John Newton’s Advice on Family Worship

I occasionally pick up Letters of John Newton and remind myself how much wisdom is contained therein. In the 1960 Banner edition, letter XV is entitled ‘Family Worship’ where he addresses a question that appears to have been asked regarding the specifics of how, what, where, and when.

What I love is Newton’s realism – he recognises, presumably from his own ministry, the realities of life. He is initially reluctant to lay down much at all in the way of prescription. He says the following:

“The circumstances of families are so various, that no determinate rules can be laid down, nor has the word of God prescribed any; because, being of universal obligation, it is wisely and graciously accommodated to suit the different situations of his people. You must, therefore, as to circumstantials, judge for yourself. You will do well to pursue such a method as you shall find most convenient to yourself and family, without scrupulously binding yourself, when the Scripture has left you free.”

Everyone’s family life and routine is different. So don’t play comparison games, and don’t beat yourself up if it’s a struggle at the moment. For us, there are times when someone is elsewhere, or sick, or tired, or grumpy, and we miss. There are other times when, mid-prayer, one child omits an astonishingly long and loud flatus with all effort causing everyone to descend into laughter with family Bible time blown (literally) to smithereens. Life happens. Think direction of travel rather than arrival at perfection.

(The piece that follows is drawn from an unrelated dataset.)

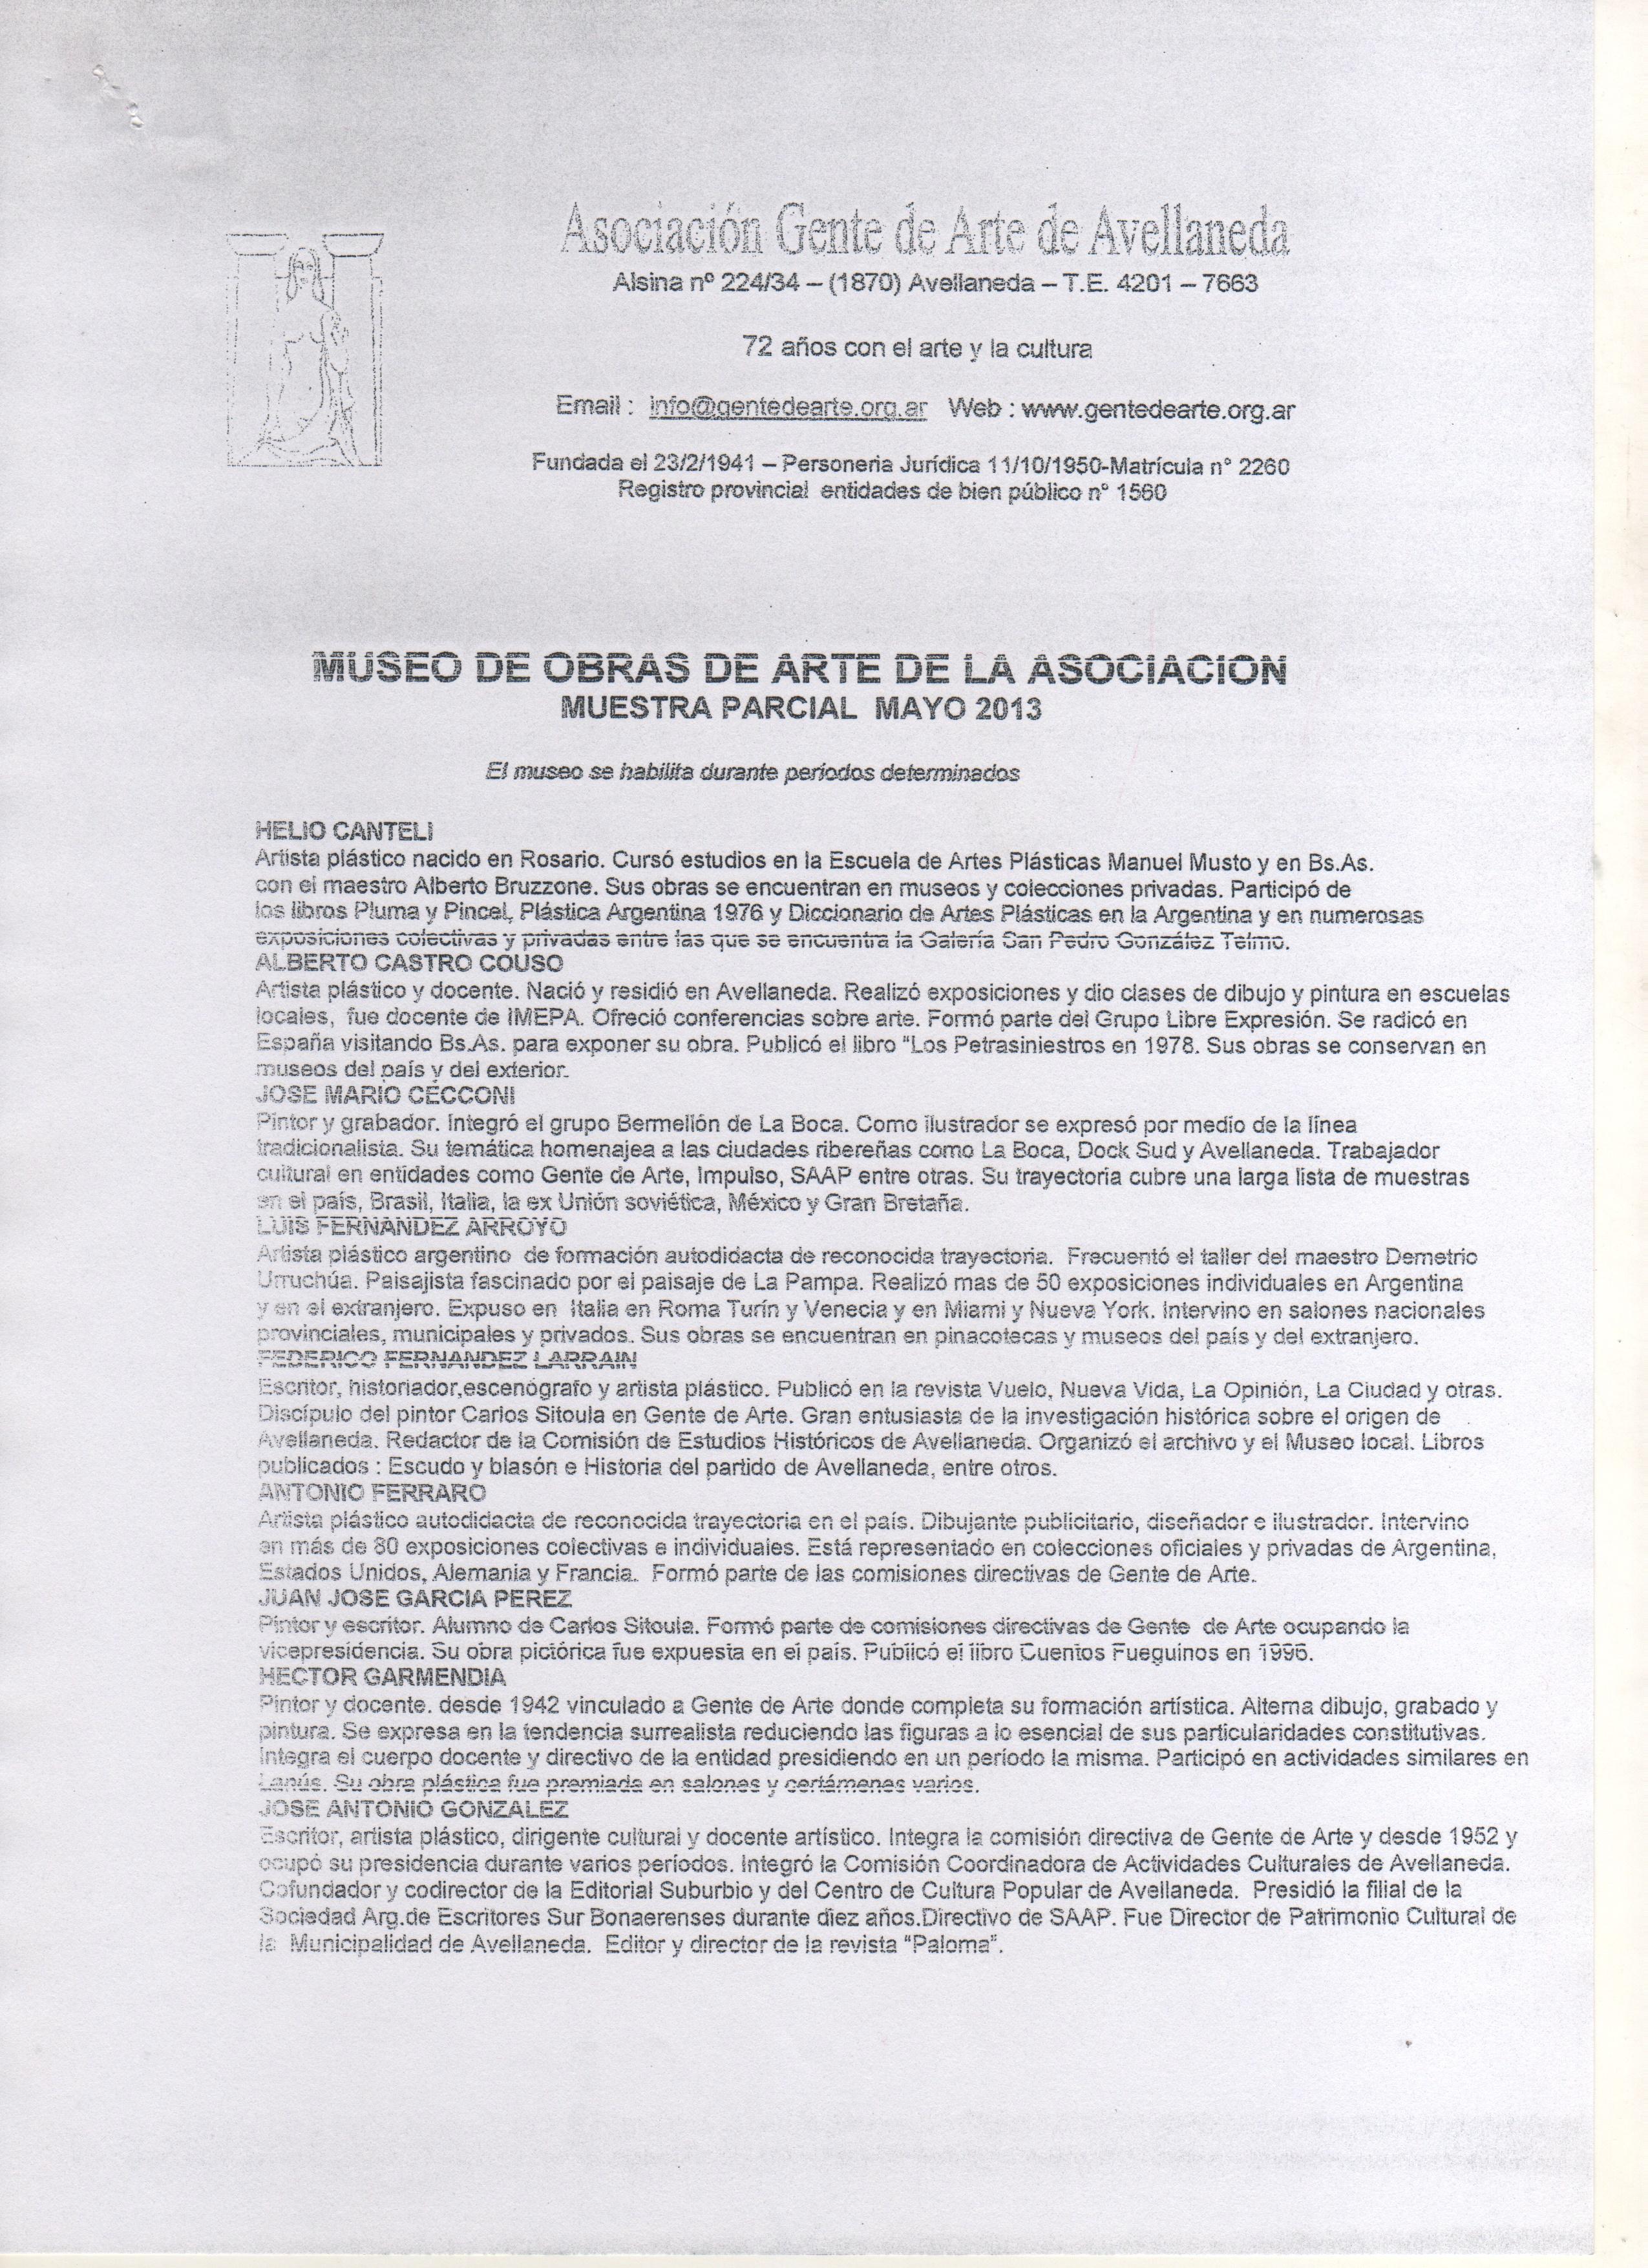 Museo 1 - Sala de exibición de artes visuales en la Asociación Gente de Arte de Avellaneda

None of us are perfect. But we can keep encouraging one another in our humble efforts.

Having been reluctant to lay down specifics, he does suggest (most of) the following things, which I’ve paraphrased and expanded upon.

  • Do it often – daily if possible
  • Keep it brief (Newton: “If you read and sing, as well as pray, care should be taken that the combined services do not run into an inconvenient length”).
  • Keep it simple – Newton advocates using simple prayers of thanks for the day past or prayer for the day ahead. Nothing too long or grand. Simple prayers that all can follow and understand.
  • Do what you can – read a bit of the Bible, pray, and use music if you like (Here’s Newton again: “sing a hymn or psalm at discretion; provided there are some persons in the family who have enough of a musical ear and voice to conduct the singing in a tolerable manner; otherwise it may be better omitted.”) So maybe don’t sing!!
  • Use resources if it helps (“Helps may be procured” where there is a lack of confidence to do your own thing – either in reading or prayer). There’s loads of great resources available. We’re currently using David Helm’s Big Beliefs. It’s short and consists of a Bible reading and short devotion. Our kids are at an age where they can read either, and often argue about who gets to read, which we’re not going to discourage 😉
  • Music can help. Newton advocates singing a hymn or psalm. In our day you may enjoy putting on some favourite music – use YouTube or Spotify or whatever medium you like really. Our kids love taking turns to choose their favourite church songs for us to listen to. We often do this just after dinner using a smartphone and YouTube to find songs.
  • Keep it enjoyable. (“the great evil to be dreaded and guarded against in this exercise of every duty that returns frequently upon us is formality”). I don’t know if Newton would put it quite like this, but keep it fresh, change it up, try different things, see what works.
  • Find the time that works. Newton cautions against times that are busy or inconvenient, where it may be easily interrupted or children are too tired or distracted to participate. For us that means tea time generally works better than breakfast due to the madness of the school rush. That’s just us. You may be different.
  • Here’s one more, which Newton doesn’t mention, but I’m sure would agree with. Don’t feel guilty. If you struggle with this, or miss days, don’t beat yourself up with legalistic guilt. Get back on the horse and give it another go. I suspect most of our kids, in the long run, won’t remember the times we missed. They’ll more likely carry a general impression that as a family we read and prayed together. And that taught them that our faith isn’t just a Sunday formality, but something that affects everyday. And however failing and faltering we may be, that would be a good thing, right?